After the first time I went I felt instantly amazing. I walked out of there feeling the best I have felt in ages. I found that if I missed a day I felt down again. One of the instructors fell into a deep depression after a death and started doing it and it helped her so much she now teaches. I would suggest trying it once and see how you feel. If $40.00 makes you feel great then its worth it


----------



## bluepelican (Nov 7, 2009)

I haven't done Bikram, but I've been doing Ashtanga for the last few months. I feel amazing afterwards, perfectly relaxed, both mentally and physically. $40 for a single class? That's ridiculously expensive. Most drop-in classes are around $15, and should be no more than $20.


----------



## DK3 (Sep 21, 2011)

MarshmallowGuru said:


> ...For piece of mind? "They" claim that it can help, but then again, "they" want my 40 bucks. Does anyone have any experience with this?
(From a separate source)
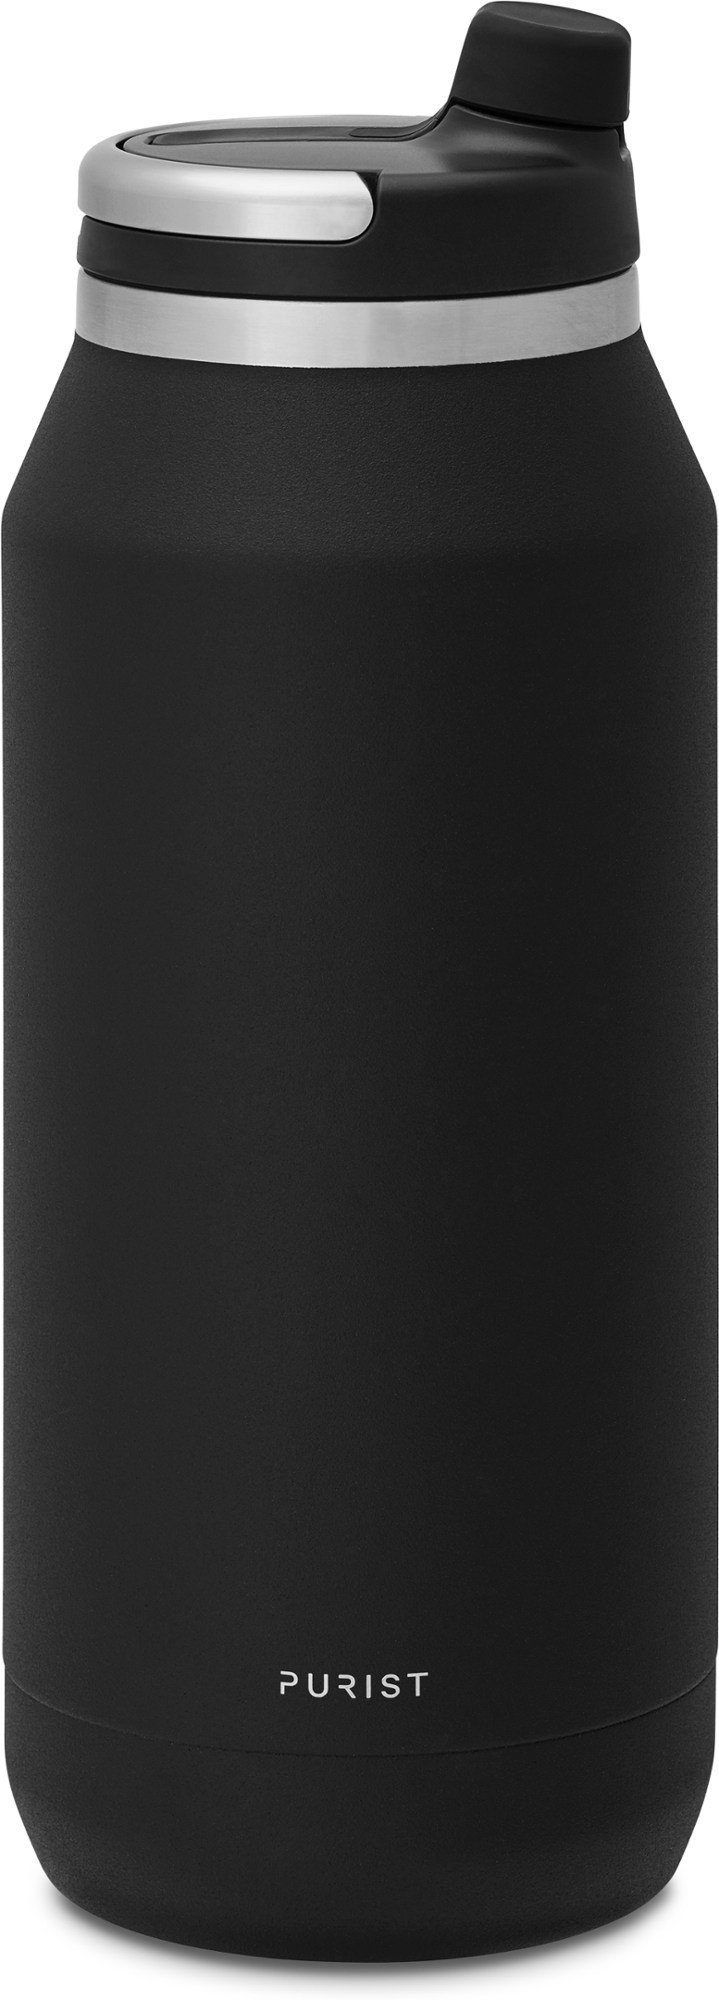 Вакуумная бутылка для воды Founder с крышкой Union Top - 32 эт. унция Purist, черный 500 мл умный автомобильный термос чашка чай кофе вакуумная фляжка дисплей температуры умная бутылка для воды для seat fr leon mk2 mk3 5f 6

I think it really can help a lot, especially breathing side of Yoga and meditation. You can teach yourself at home there are plenty of videos online or ebooks available, but getting a proper teacher and learning from them is probably better and worth the money.

I've had some profound experiences from meditation combined with breathing exercises in the past and still use it sometimes. The only problem is maintaining the routine and discipline to do it daily as the effects are cumulative (i.e. the more regularly you do it, the more it helps).

I actually created my own little meditation room in my attic just for that purpose with candles and incense etc..but even so, find it hard to take time out from the day to go there regularly.


----------



## Kathykook (Aug 16, 2011)

The Hare krishna people at my school hold Bikram classes, but I don't see the point of paying for their classes when I can just go to Vinyasa Yoga for free. There isn't much of a difference between the two anyway, right?


----------



## march_hare (Jan 18, 2006)

I just paid for a few classes of Bikram. I'm kind of scared now that I'm not going to be ready for it. I used to do yoga and pilates often at home, and used to do more physical activities generally, but in the past year I've become quite sedentary. I think for the next few weeks I'm going to start running and doing yoga at home so I'm at least slightly prepared for Bikram... :afr


----------